Ma had not come back. So Laura took the dust-cloth and wiped the window sills and the benches and every curve of Ma's willow rocking-chair. She climbed on a bench and very carefully wiped the clock-shelf and the clock, and the little brown-spotted dog and her own jewel-box with the gold teapot and cup-and-saucer on top. But she did not touch the pretty china shepherdess standing on the bracket that Pa had carved for Ma. Ma allowed no one else to touch the shepherdess.

While Laura was dusting, Mary combed Carrie's hair and put the red-checked cloth on the table, and got out the school-books and the slate.

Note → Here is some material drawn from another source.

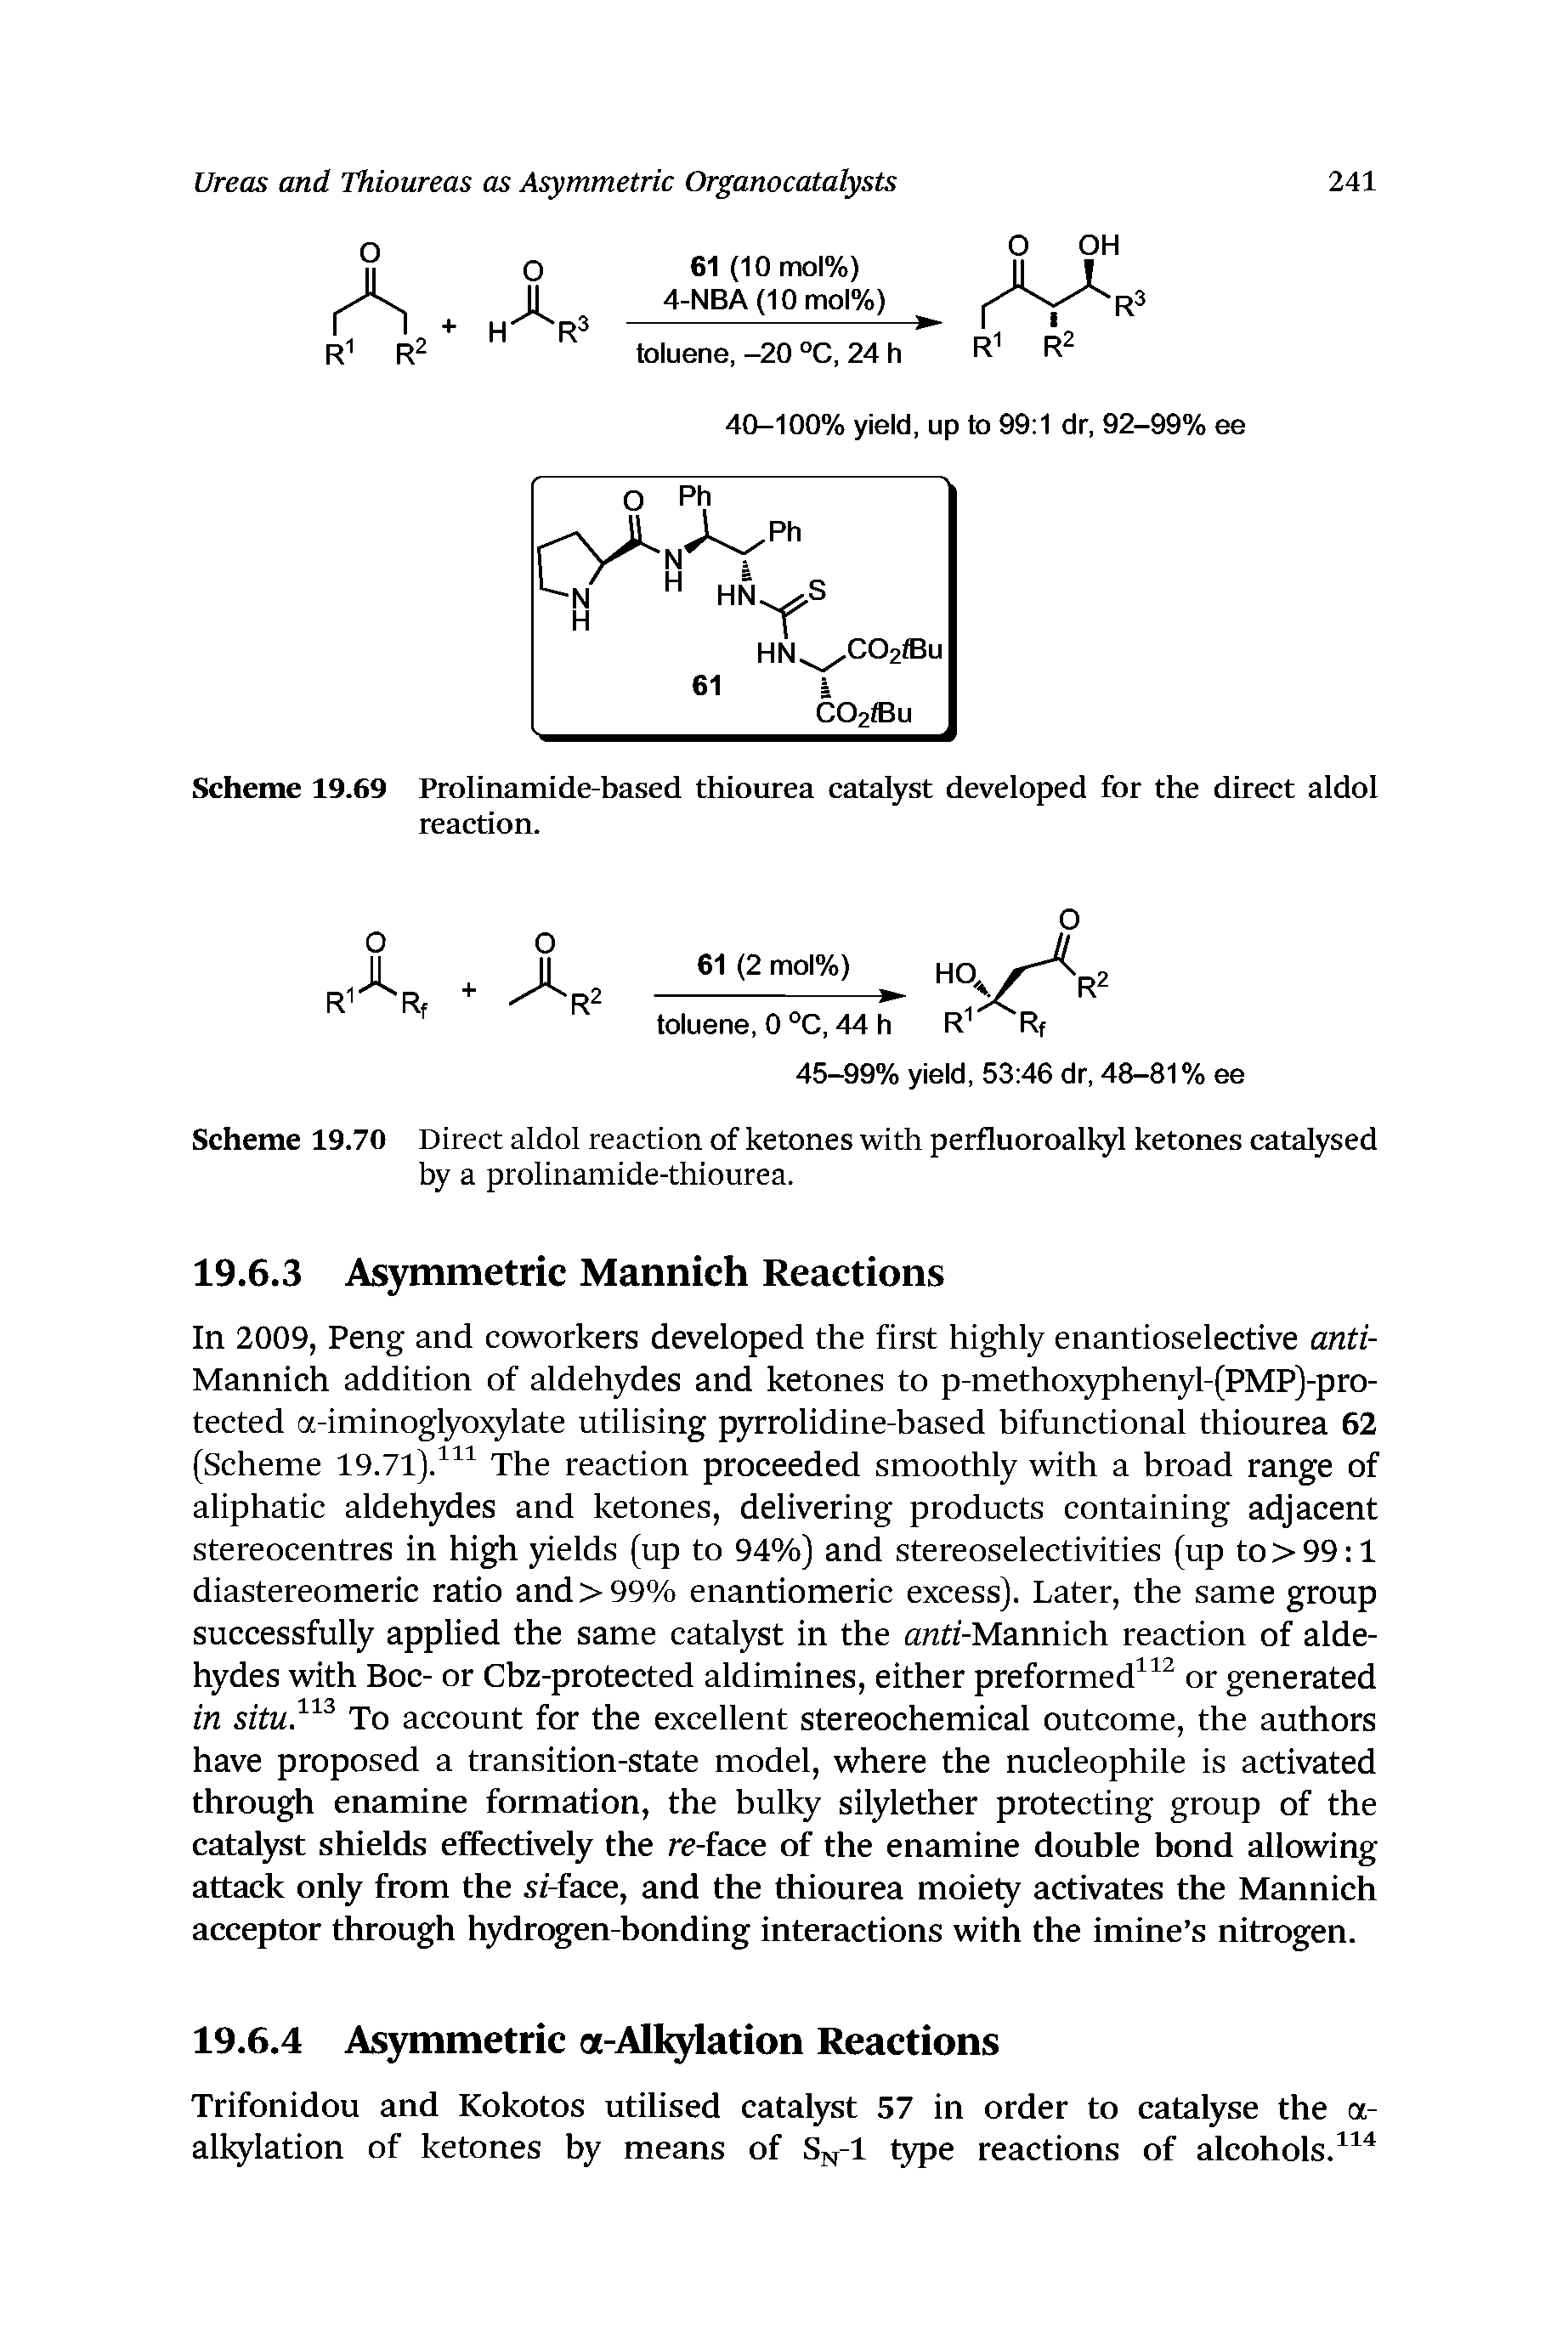 Scheme 19.69 Prolinamide-based thiourea catalyst developed for the direct aldol reaction.
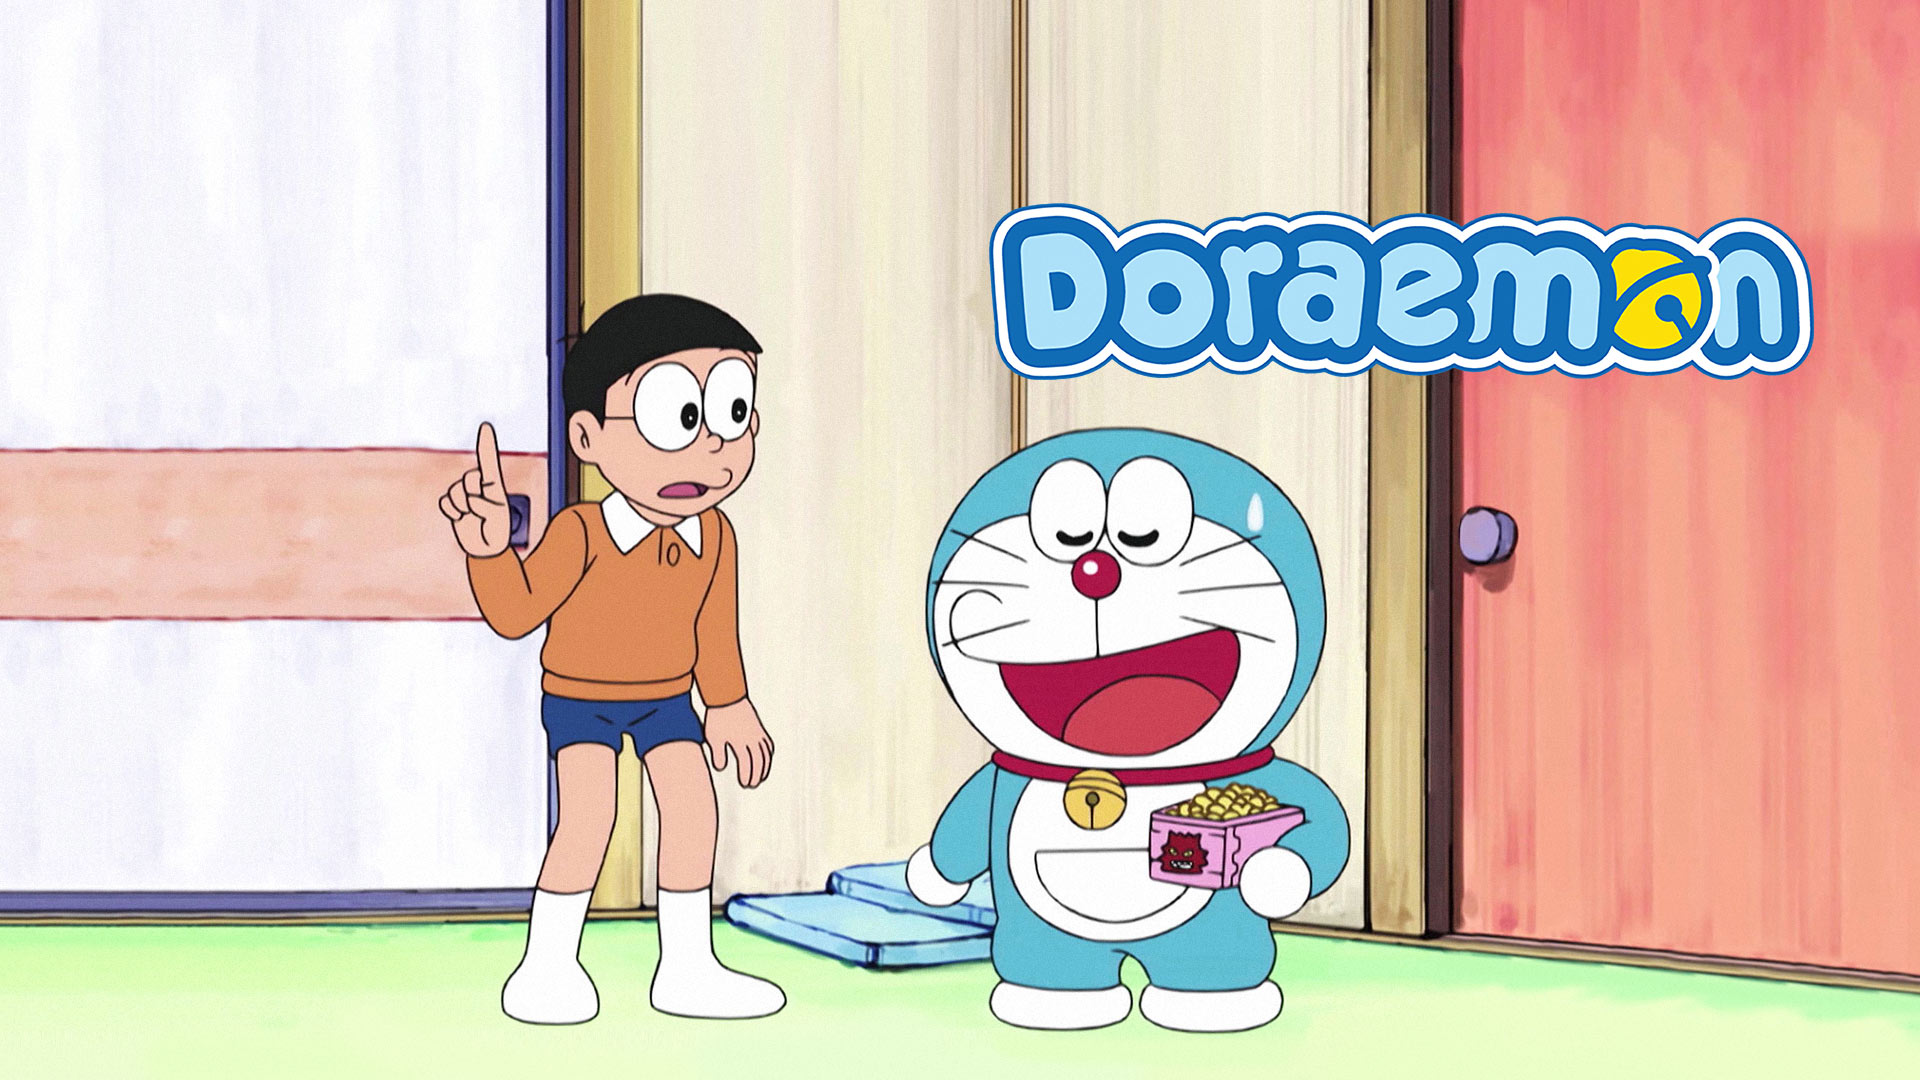 Doraemon - Disney+ Hotstar

At last the wind howled into the lean-to with a cloud of snow and Ma.

Her skirt and her shawl were frozen stiff with ice. She had had to draw water from the well for the horses and Spot and the calf. The wind had flung the water on her and the cold had frozen her soaked clothes. She had not been able to get to the barn with enough water. But under the icy shawl she had saved almost all the milk.

She rested a little, and said she must bring in wood. Mary and Laura begged her to let them bring it, but Ma said:

"No. You girls are not big enough and you'd be lost. You do not know what this storm is like. I'll get the wood. You open the door for me.

She piled wood high on the woodbox and around it, while they opened and shut the door for her. Then she rested, and they mopped up the puddles of snow melting from the wood.

“You are good girls,” Ma said. She looked around at the house, and praised them for doing the work so nicely while she was gone. “Now,”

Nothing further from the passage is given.